Regia di Enrico Pau vedi scheda film
Nei primi anni del Secondo Conflitto Mondiale, la solitaria e guardata con una certa circospezione Annetta, si reca a Cagliari ove viene assunta come custode di una splendida villa patrizia, nel momento in cui i suoi padroni stanno per lasciare la regione e portarsi lontano dai bombardamenti.

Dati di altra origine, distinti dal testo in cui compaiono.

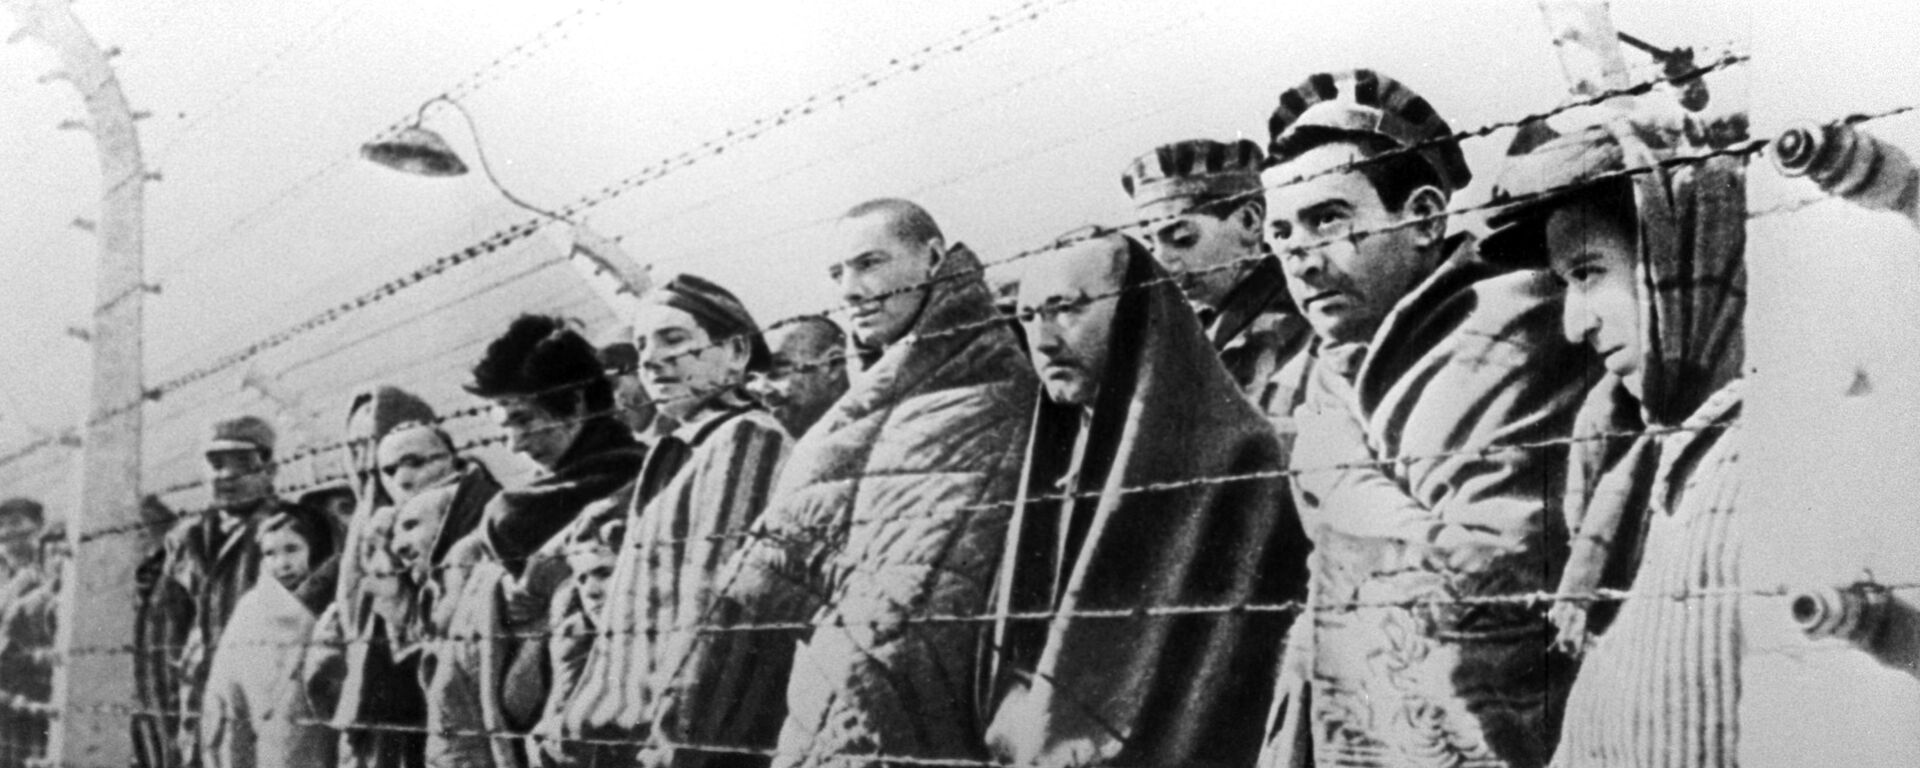 Узники концентрационного лагеря Освенцим, освобожденные войсками Красной армии в январе 1945 года - Sputnik Узбекистан, 1920, 13.10.2020

In realtà la donna è arrivata a Cagliari dal proprio paesello natio alla ricerca della nipote Tecla, ragazzina fuggita nel capoluogo dopo la morte per malattia della madre. e Annetta si porta con sé le diffidenze, ma anche le attenzioni della gente che la rifugge o la cerca, avendo la donna ereditato il compito materno di "accabadora", ovvero di portatrice di "buona morte" ai malati terminali soggiogati da atroci sofferenze.
Un ruolo che la donna ha ereditato, più che scelto, in cui si è vista indirizzata più dalla tradizione e dalla decisione popolare, che da una innata attitudine, peraltro presente nella donna.
Il fatto è che la giovane Tecla sospetta che la madre sia stata portata al trapasso proprio da questa sua inquietante, addolorata sorella.
Sotto la direzione del bravo regista sardo Enrico Pau, che ricordiamo almeno per l'ottimo Jimmy della collina (2006), Accabadora si ispira solamente al personaggio protagonista del celebre romanzo di Michela Murgia, completamente al di fuori di questo progetto, riprendendone la drammatica e dolente figura di donna, tratto da personaggio che pare leggendario, ma a cui le memorie della più antica tradizione popolare sarda attribuiscono veridicità e un ruolo importante, civicamente come eticamente, per garantire una fine pietosa alle mille sofferenze dei molti malati incurabili di quei tempi remoti in cui la medicina si arrendeva spesso di fronte alla ineluttabilità della malattia.
Ambientato in pieno periodo di guerra sotto i bombardamenti che sconvolsero il capoluogo di provincia sardo, e dunque almeno dieci anni prima rispetto al romanzo originario, il film di Pau si giova innanzi tutto, e risalta, per le splendide, eleganti vedute paesaggistiche e le riprese mobili che vedono in primo piano parti svolazzanti dell'abito lungo ed austero di questa dolente, fantomatica strega dei destini umani, donna pietosa e solitaria che pare autocondannarsi ad un ruolo ingrato e sacrificale, verso il quale si vota più per senso di responsabilità, che per vera attitudine.
Alla riuscita di questa affascinante pellicola, fondamentale risulta l'apporto scenico e la presenza carismatica della splendida Donatella Finocchiaro, un'attrice alla quale è sufficiente apparire, per dare un tocco di carattere e qualità alla pellicola che la vede coinvolta.
Questo, a tutti gli effetti, potrebbe essere uno dei ruoli cardine della comunque folta ed interessante carriera d'attrice della ottima interprete catanese.